1. I hope that we all have come to understand how lament enables us to receive God’s mercy in the midst of dark clouds.

2. As we turn to God in prayer, and lay out our messy struggles, we can receive the help we need from our grace-giving God.

3. In our series so far, we have spent time learning how to lament and learning from lament, but today I want us to focus on learning to live with lament.

4. I want to encourage us to learn to practice lament in more ways than we might normally think of lament.

5. Growing in lament is connected to our personal spiritual growth and our view of God.

6. Esther Fleece says in her book No More Faking Fine, “Spiritual maturity does not mean living a lament-less life; rather, it means we grow into becoming good lamenters and thus grow in our need for God.”

D. So today, before we engage in some practical applications of lament, I want to share Mark Vroegop’s reasons why lament should be our prayer when grief of any kind becomes a part of our lives – this is a good review of what we have learned through this sermon series.

1. First, lament is a language for loss – lament provides a biblical vocabulary and a model for talking to God about our pain and helping those who are walking through suffering.

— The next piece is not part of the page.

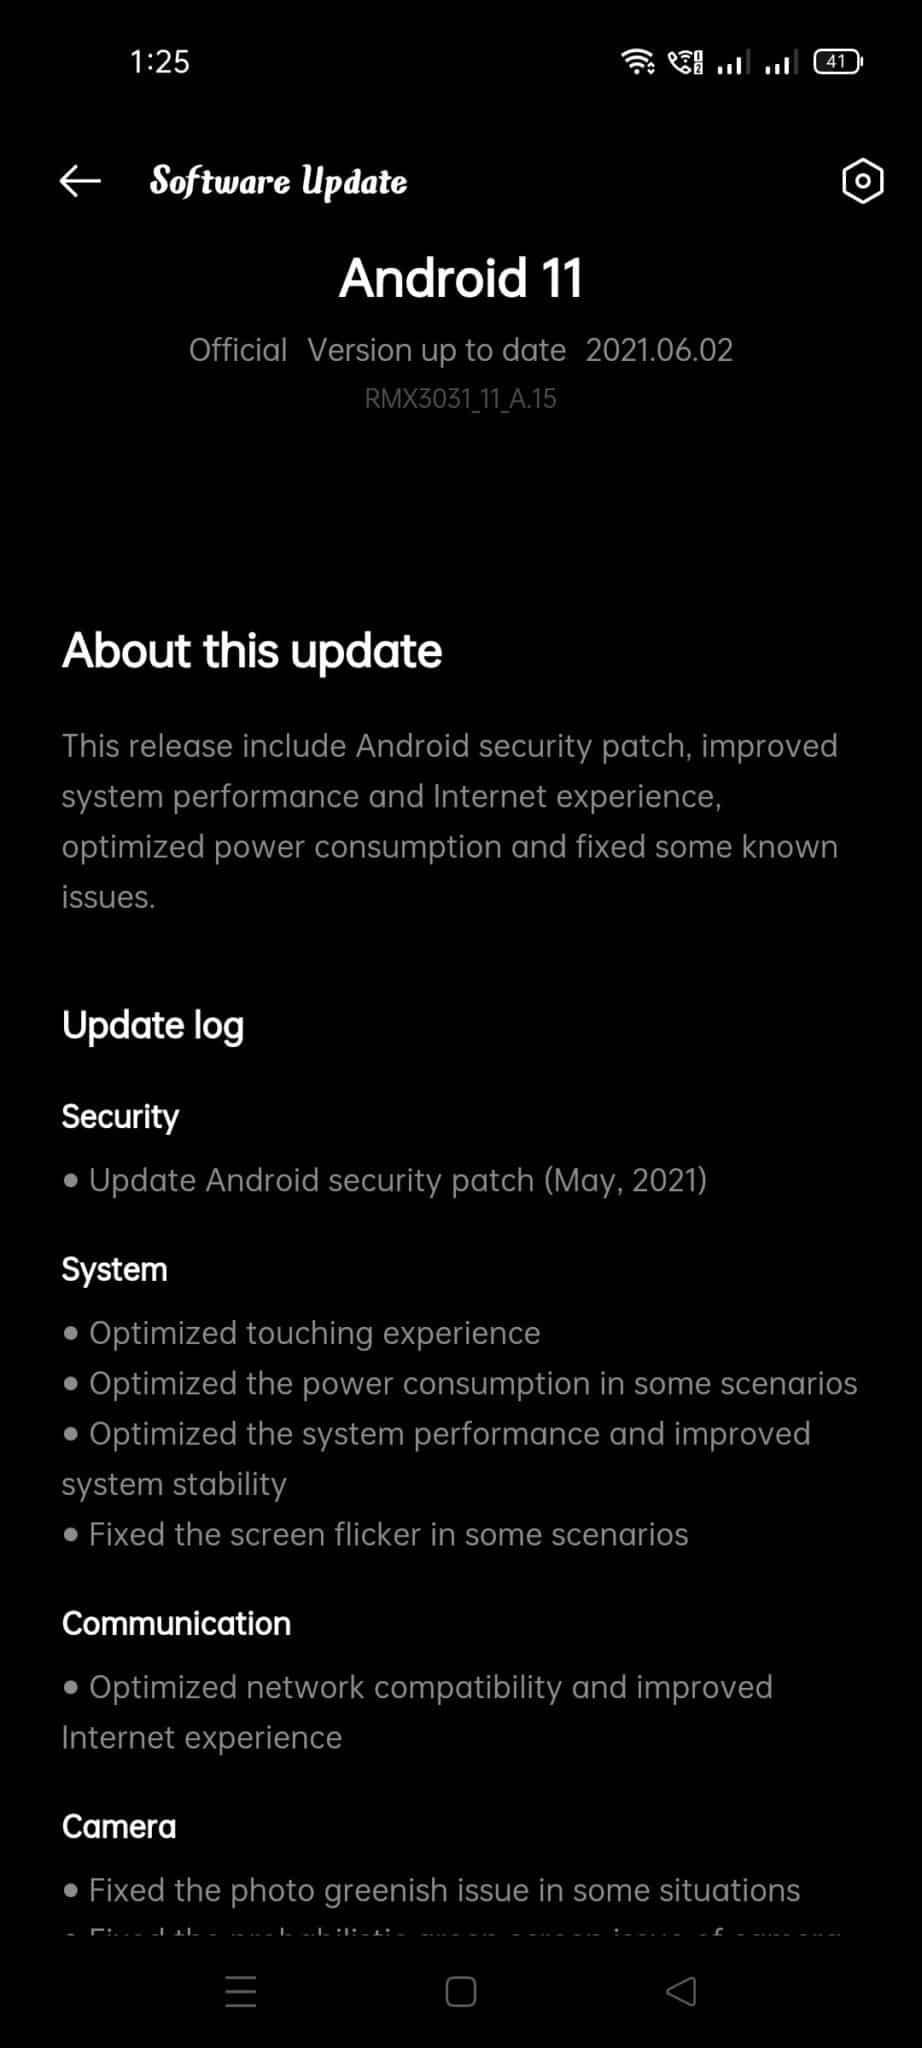 Realme X7 Max 5G RMX3031_11_A.15 update changelog

2. Second, lament is the solution for silence – unfortunately, far too many people either are afraid to talk with God about their suffering, or refuse to talk with God.

a. Whether their silence is the result of shame, a fear of rejection, other anxiety, or a concern of being irreverent, their suffering leads to silence and being cut off from God.

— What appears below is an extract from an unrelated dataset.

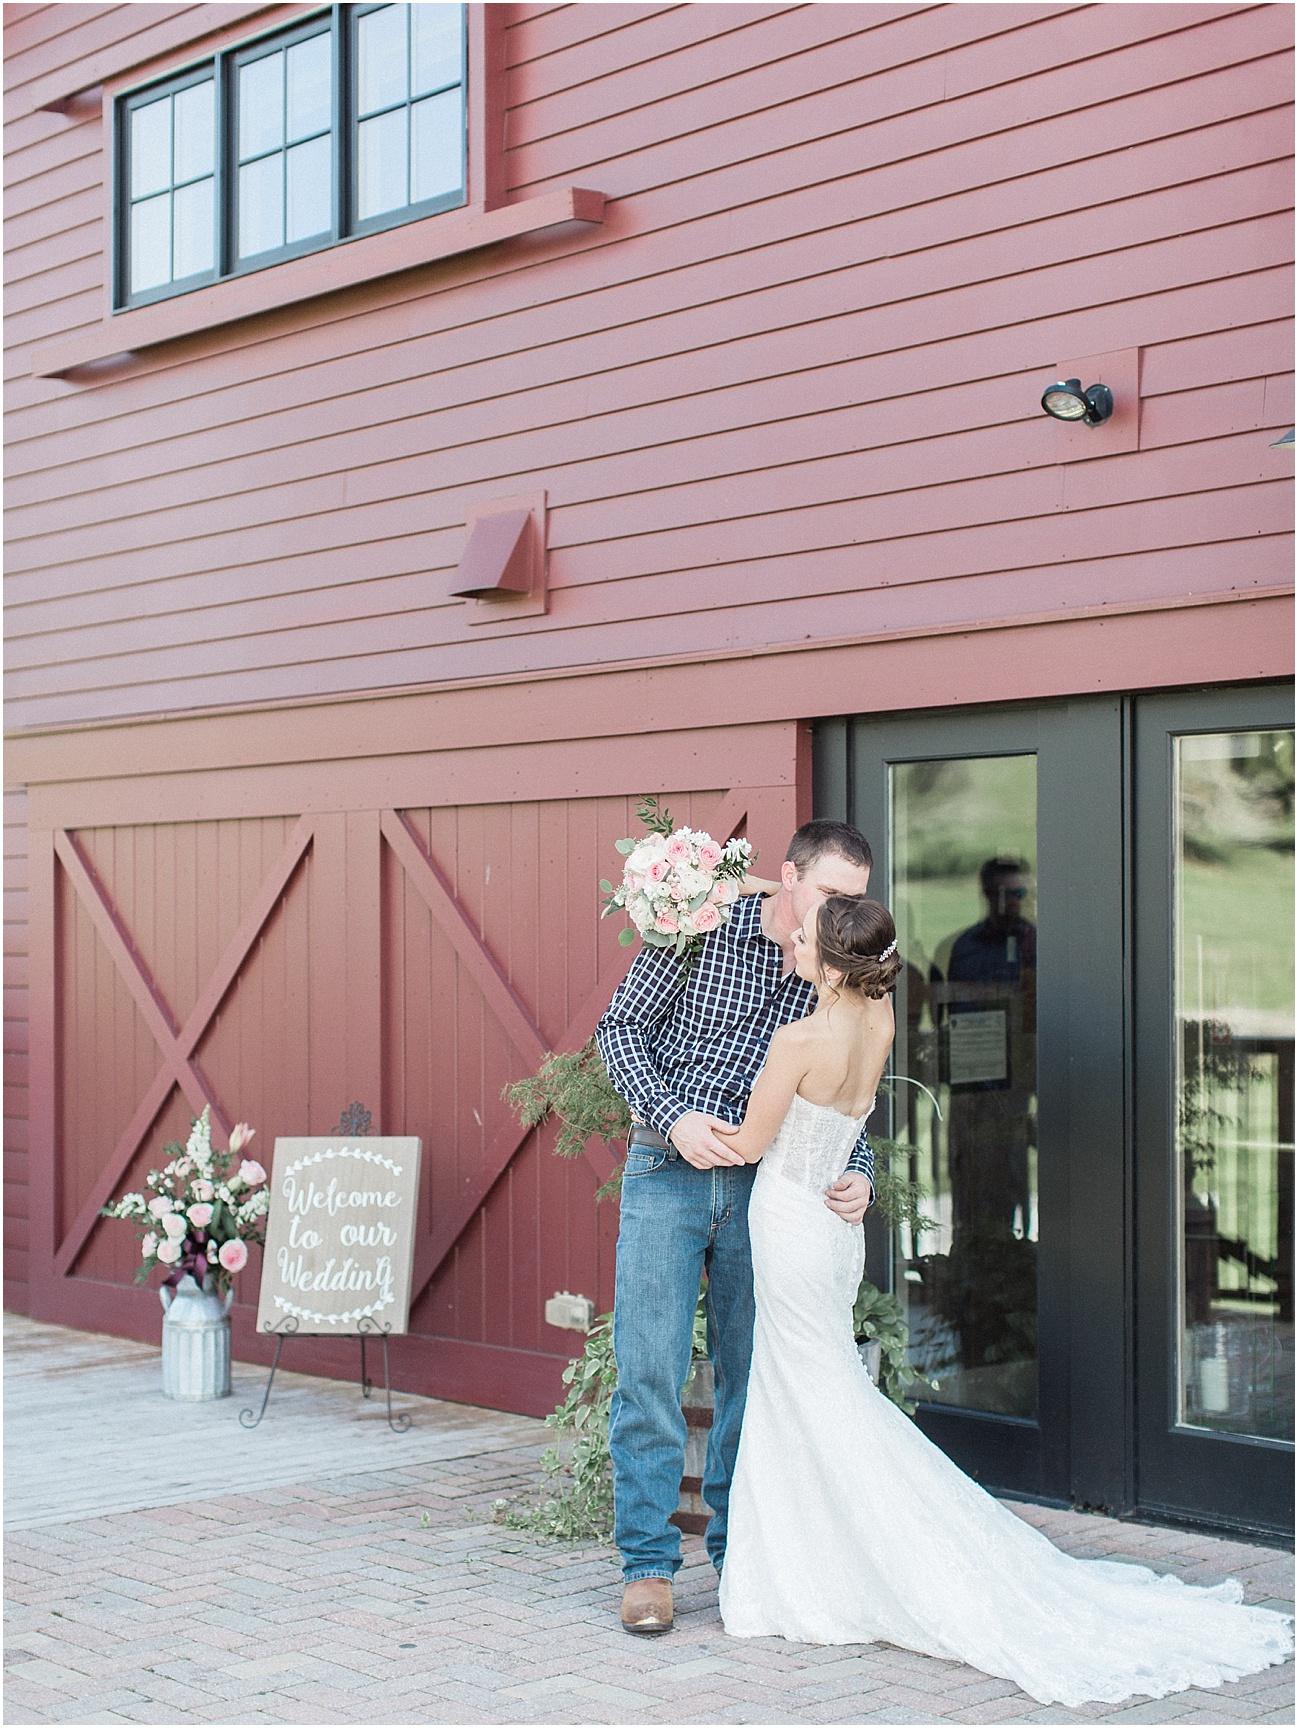 jackie_brad_barn_at_gibbett_hill_country_yellow_lab_fall_burgundy_cape_cod_boston_wedding_photographer_meredith_jane_photography_photo_1020.jpg
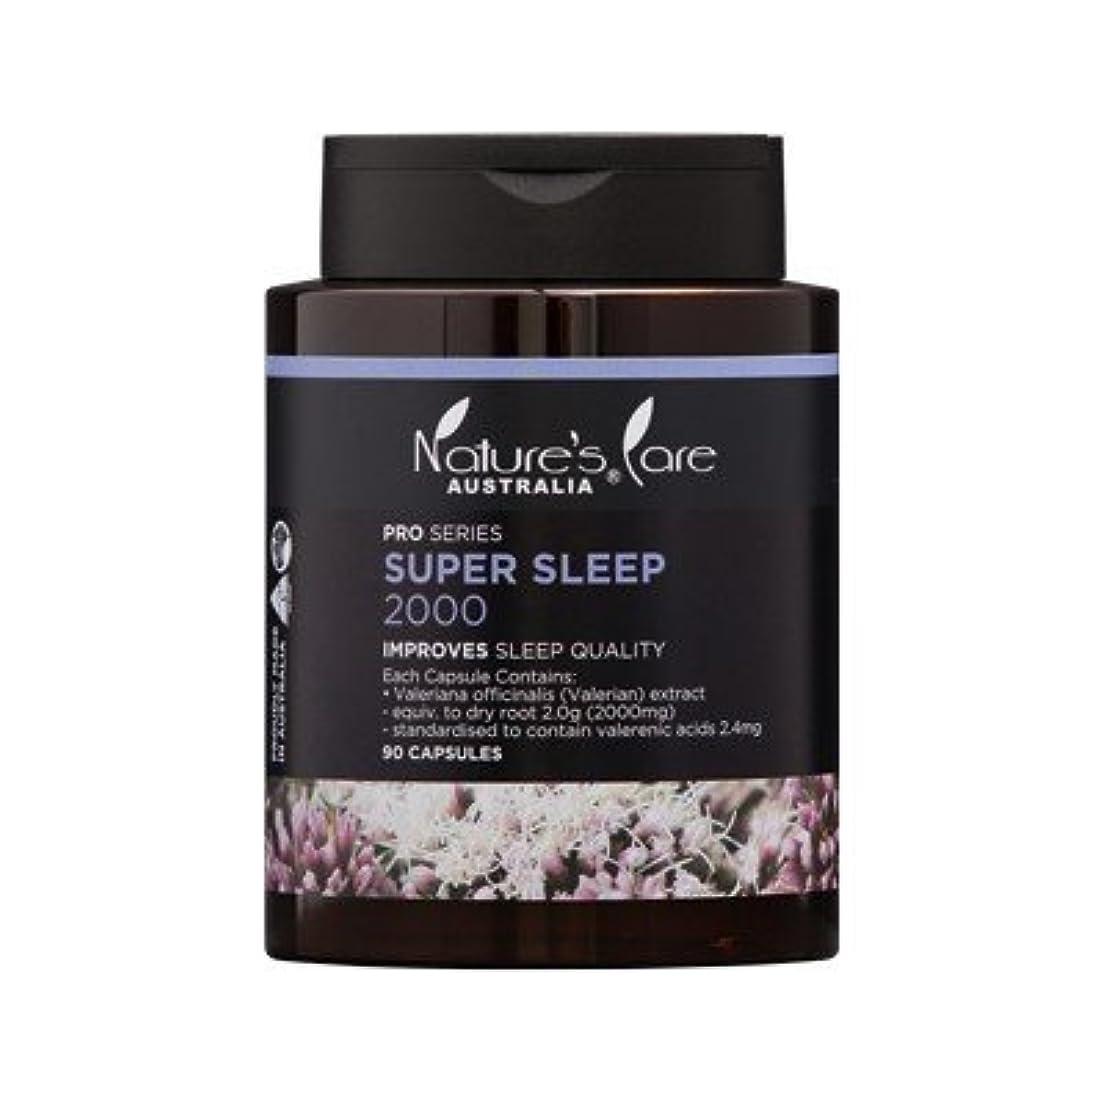 【Nature's Care】上質な睡眠をサポート☆Super Sleep スーパースリープ 2000mg 90カプセル入

b. Lament moves us from silence to communication.

3. Third, lament is a category for expressing our complaints – lament helps us see that complaining to God is not necessarily sinful.

a. For hurting people, knowing that it is okay to express these kinds of things to God can be so freeing and life-giving.

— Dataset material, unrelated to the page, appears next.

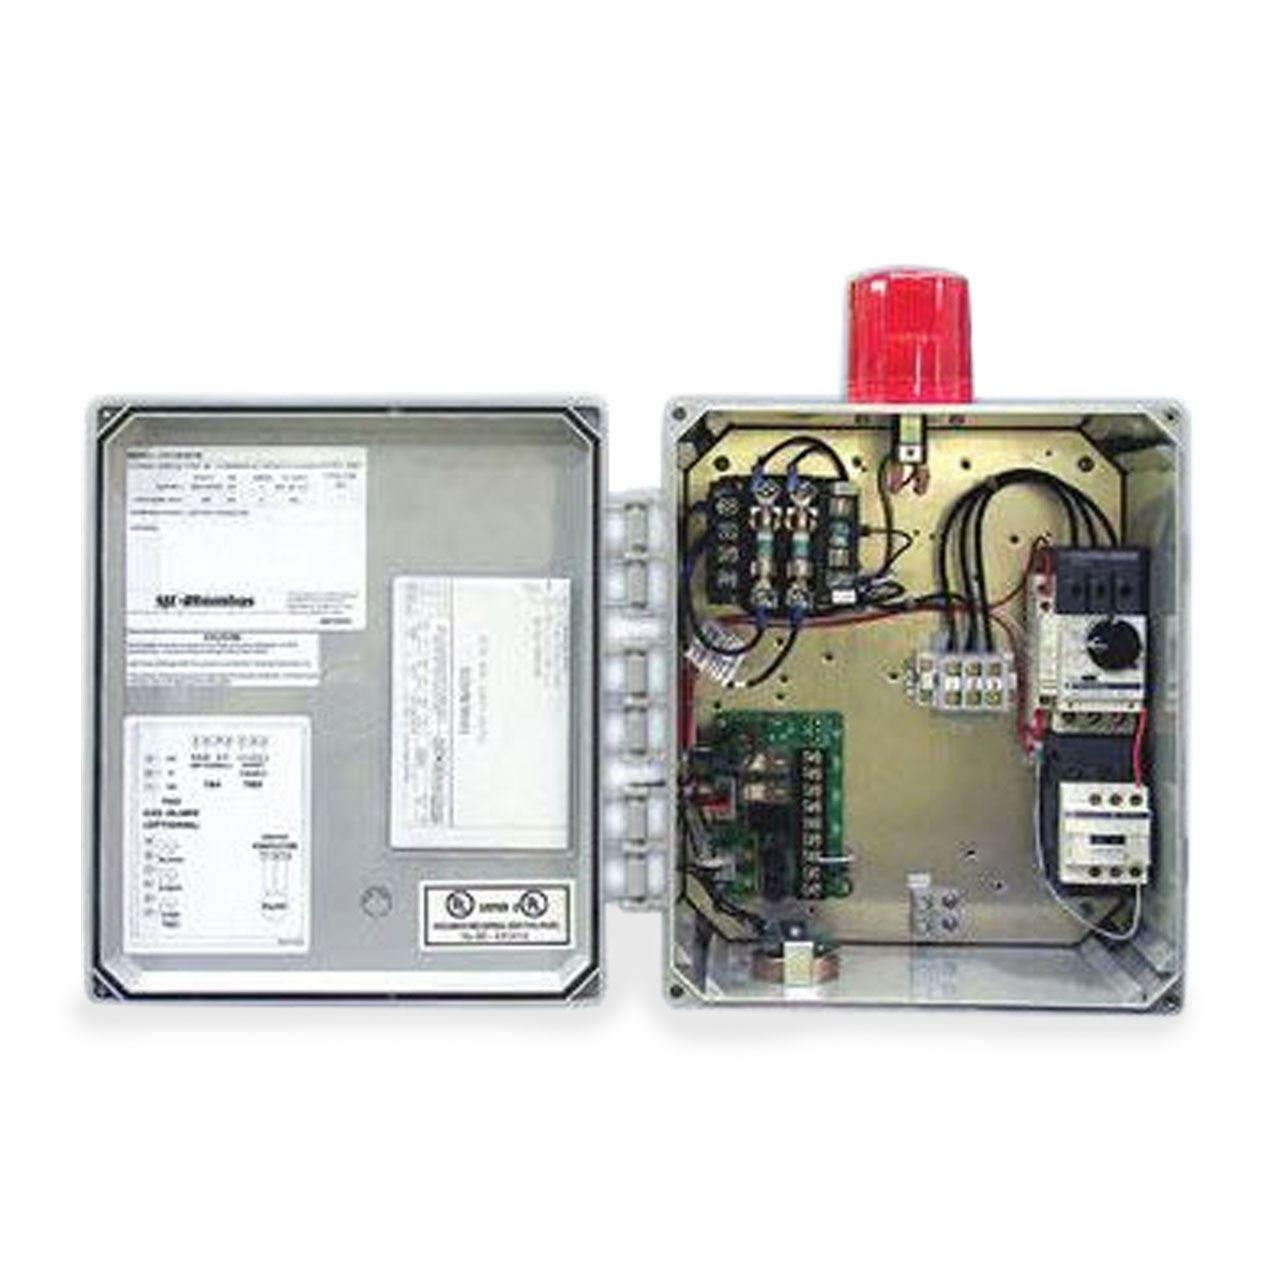 small resolution of sje rhombus sje rhombus model 312 3 phase 208 240 480 600v simplexduplex motor starter wiring

4. Fourth, lament is a framework for feelings – lament is more than the sinful spewing of every emotion and thought, but is a God-centered structure to keep us from falling into the trap of self-centeredness and getting stuck in the mud of negativity.

5. Fifth, lament is a process for our pain – it is more than a biblical version of the stages of grief.

a. Lament invites God’s people on a journey of turning to God and trusting in God.

b. Lament is more than something that comes out of us; rather, it is part of the process happening in us.

6. Finally, lament is a way to worship – when we turn to God, pour out our pain, our questions, and disappointments, when we ask for His mercy and help, and when we express our trust in Him through praise and thanksgiving, then we find ourselves drawn to God and connected to God in worship.

E. As we think about practical applications for lament, one of the obvious and primary applications for lament comes when people experience the death of loved ones.

1. At the time of those kinds of losses, people are experiencing life-altering tragedies and gut-wrenching grief.

2. As we come along side people in these kinds of times, what they often need most from us is empathy.

3. Nicolas Woltersorff, in his book, Lament for a Son, said it this way: “What I need to hear from you is that you recognize how painful it is. I need to hear from you that you are with me in my desperation. To comfort me, you have to come close. Come sit beside me on my mourning bench.”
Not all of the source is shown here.